All drug stores were prepared at 1000-fold concentration in DMSO. Cells were applied to the medium of 12-well plates (Midwest Scientific, St. Louis, Mo.) (1 x 10 ⁵ per well) and each treatment was performed three times. For mono-therapeutic treatment, the cells were treated with decitabine (purchased from Sigma-Aldrich, St. Louis, Mo.) in a dose range of 0.01 μM to 10 μM, or with 0.01 to 100 μM of romdepsin (provided by Gloucester Pharmaceuticals, nM. < / RTI > DMSO was used as a carrier control. Cells were tripped for 72 h after treatment and counted using a Coulter Particle Counter (Beckman, Brea, Calif.). For co-administration, cells were treated with a dose range of 0.1, 1, or 10 μM of decitabine. After 48 hours, the cells were treated with a dose range of 0.5 nM to 7.5 nM of romipeptin for 24 hours. Cells were trypsinized 24 hours later and counted. Appropriate mono-therapy and DMSO treatments were included as controls and administered at the time of combination. Optimal combination doses of 1 μM decitabine for 72 hours with the addition of 5 nM romipeptin for the last 24 hours were used for further treatment.

For the treatment of cells with recombinant human sFRP1, MDA231 and KIJ265T, cells were seeded in 96-well culture plates with 5000 cells per well in 100 [mu] l DMEM supplemented with PSA and 10% FBS. After overnight incubation, the cells were washed in PBS and 100 μl of serum-free DMEM containing the final concentration of sFRPl was added. The cells were incubated for 6 hours.

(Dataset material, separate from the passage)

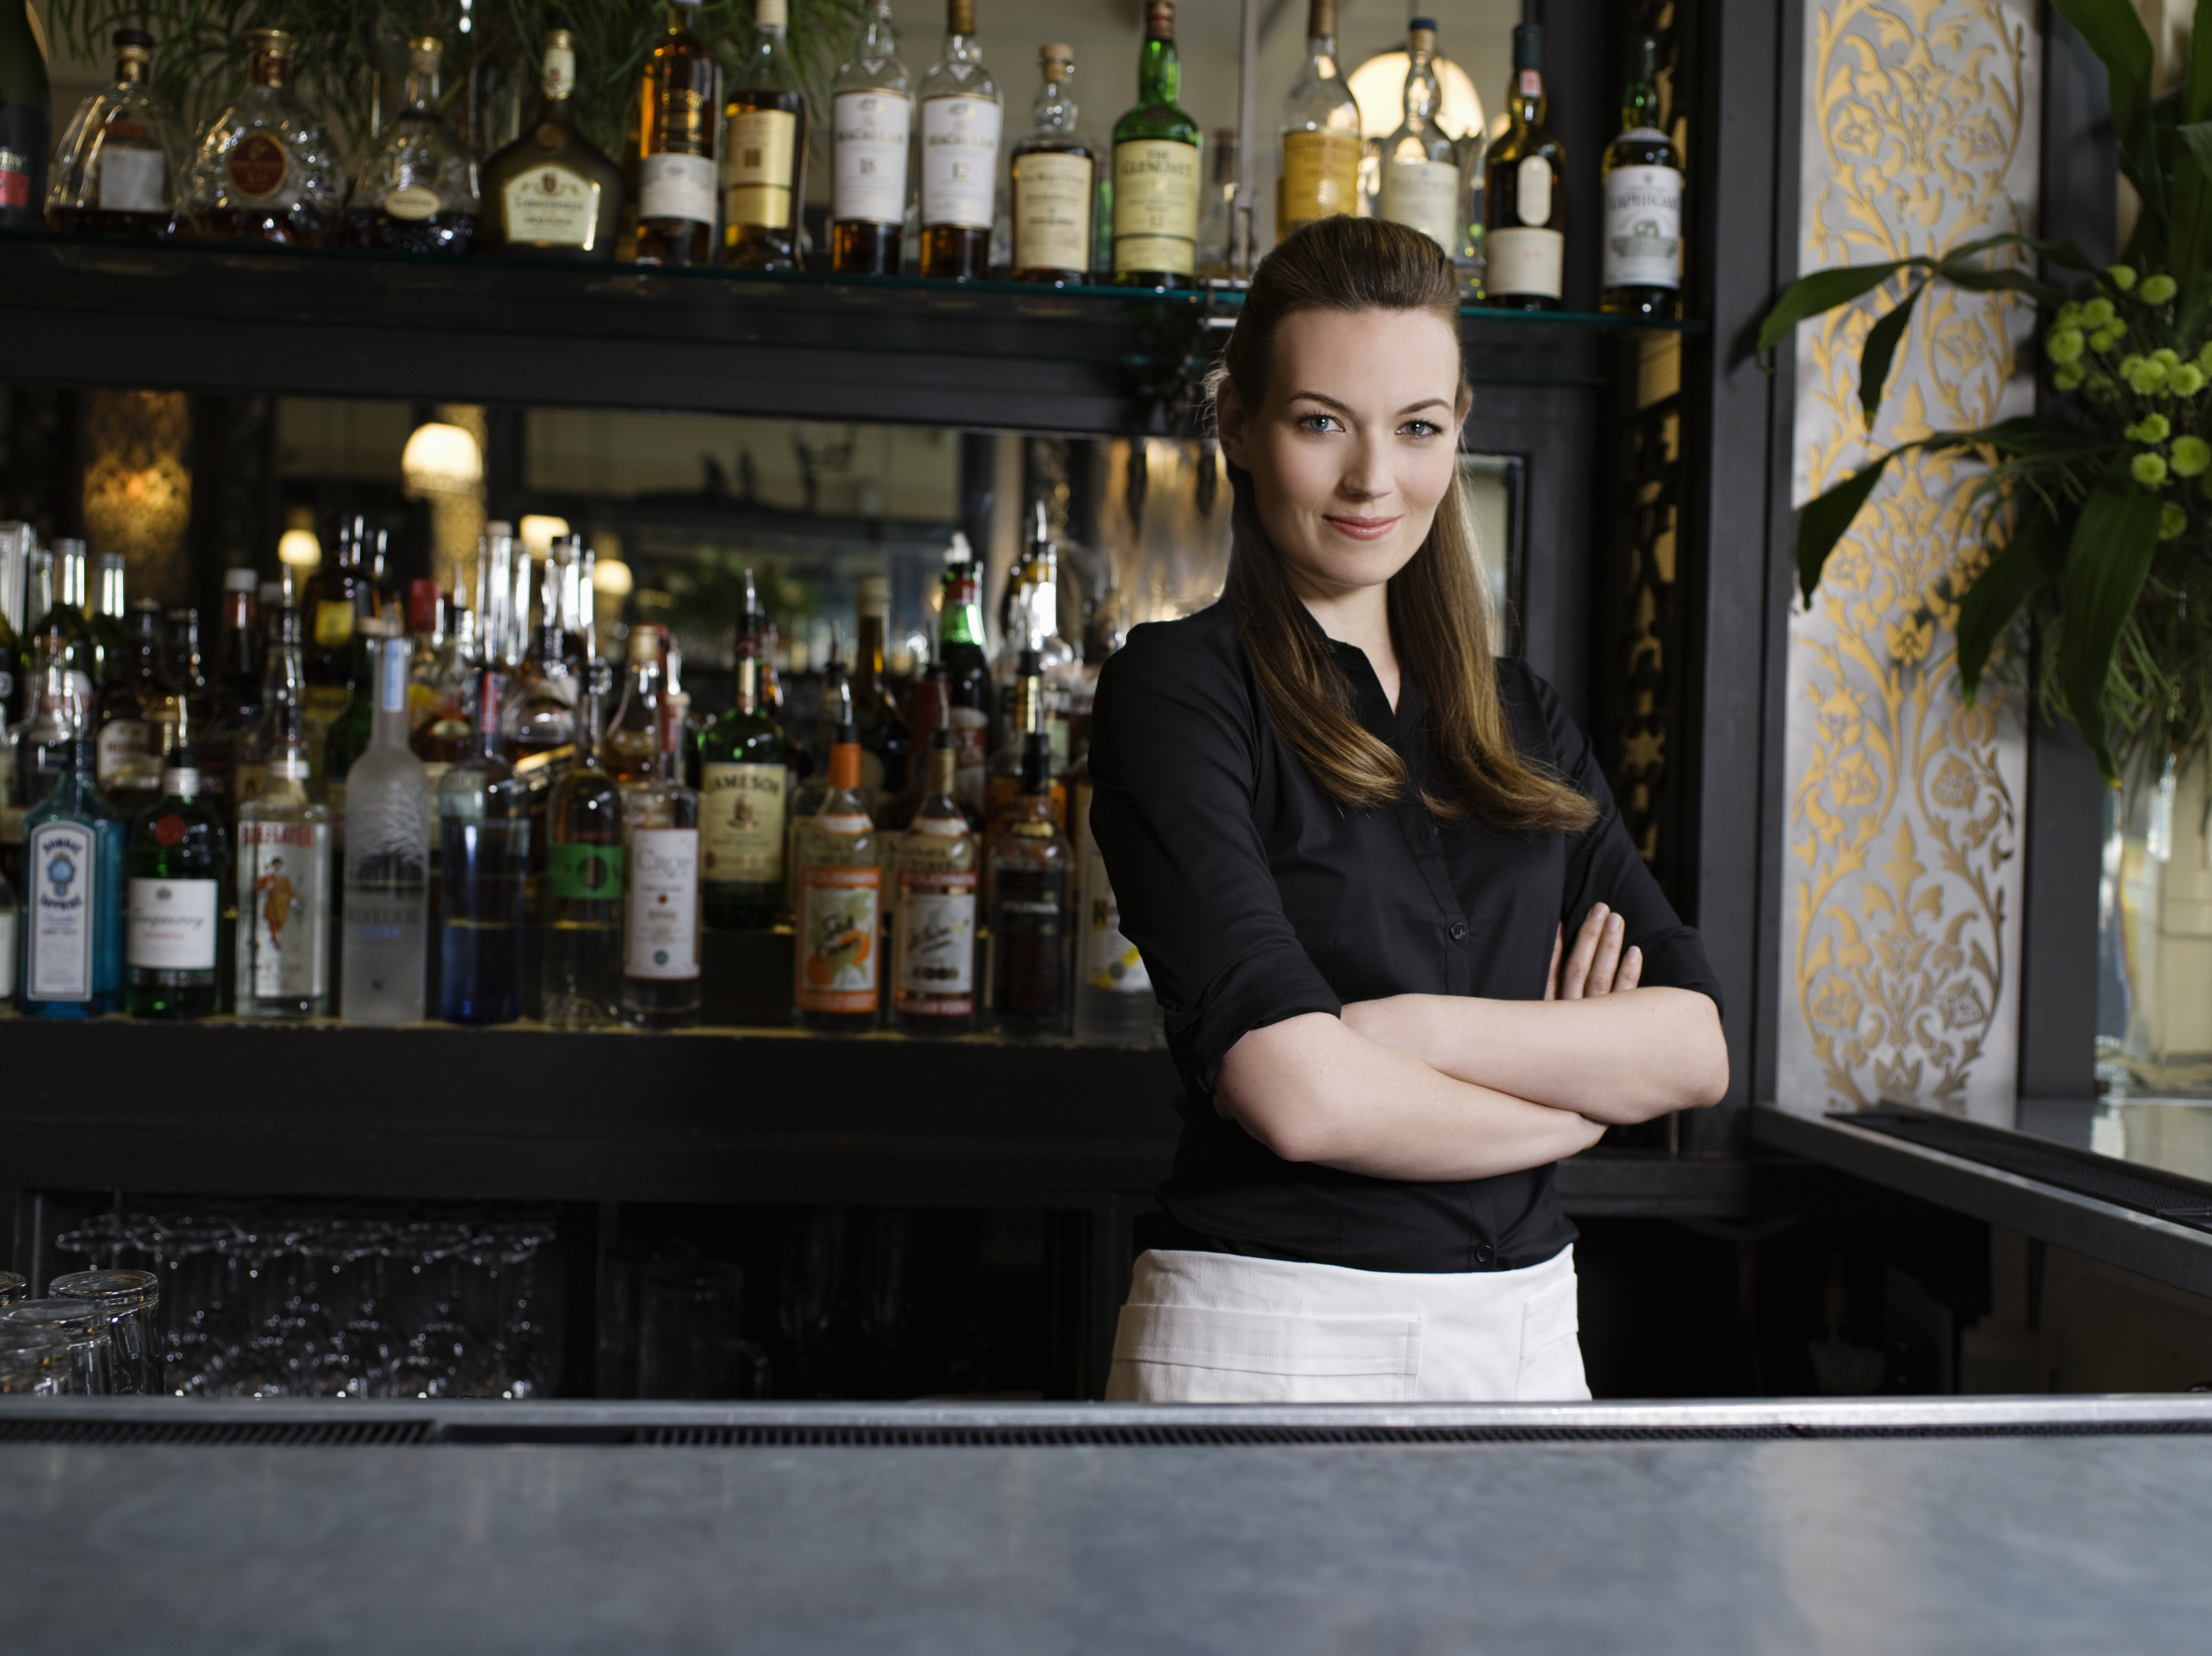 A confident female bartender standing behind the bar | Source: Getty Images

The serum was reintroduced into these wells for a final concentration of 2% FBS. Plates were incubated for 72 hours before trypsinization and counting of cells.

Example  4. RNA  detach, RT - PCR , And quantitative PCR

RNA was isolated from each sample group and purified using the RNAqueous Midi Kit (Ambion, Austin, Tex.). O.D. The 260/280 mRNA ratio was between 1.8 and 2.0 for all samples and the 18S / 28S band was found to be purity on a 1% agarose gel. RNA was reverse transcribed using a high capacity cDNA reverse transcription kit (Applied Biosystems, Foster City, Calif.) According to the manufacturer's instructions. The cDNA samples were TaqMan (SEQ ID NO: 1) containing sFRP1 (Hs00610060_m1), RhoB (Hs00269660_s1), p21 (Hs00355782_m1), TβRIII (Hs00234257- _m1), GATA3 (Hs00231122_m1), and GAPDH (Hs99999905_m1)^® Fast Universal PCR Master Mix (Applied Biosystems) and TaqMan^® FAM^TM Dye-labeled probe. Gene expression was analyzed using quantitative real-time PCR (QPCR). GAPDH was used as a normalization control. The fold change value between the treated samples was calculated using the relative C (T) method (Schmittgenmeat get ., Nat Protocol 3: 1101-1108, 2008) were compared with those of the DMSO control group.

Example  5. Protein Expression Analysis

Cells were seeded into (1 x 10 ⁷ ) 100 mm plates (Midwest Scientific) and treated with the optimal combination dose as determined in the treatment protocol. Cells were harvested and resolved using M-PER reagent (Pierce, Rockford, Il.) Containing protease inhibitor cocktail (Roche, Mannheim, Germany) and phosphatase inhibitor (Pierce). Quantification and migration to 0.2 [mu] M Immobilon Psq membrane was performed using Copland et al ., Oncogene 25: 2304-2317, 2006. Membranes were blocked using Tris-buffered saline plus Tween-20 (TBS-T) (Fisher Scientific, Fairlawn, NJ) with 5% milk and incubated with primary antibody [PARP (cell signal, Boston, MA), caspase- 3 (cell signal), sFRP1 (cell signal), or? -Actin (Sigma-Aldrich)] at 4 ° C overnight. Membranes were incubated for 1 h at room temperature in a secondary species-specific hyaluronidase-peroxidase-labeled antibody diluted in 5% milk TBS-T (Jackson Immunoresearch, West Grove, Pa.). Supersignal chemiluminescence kit (Pierce) was used for detection.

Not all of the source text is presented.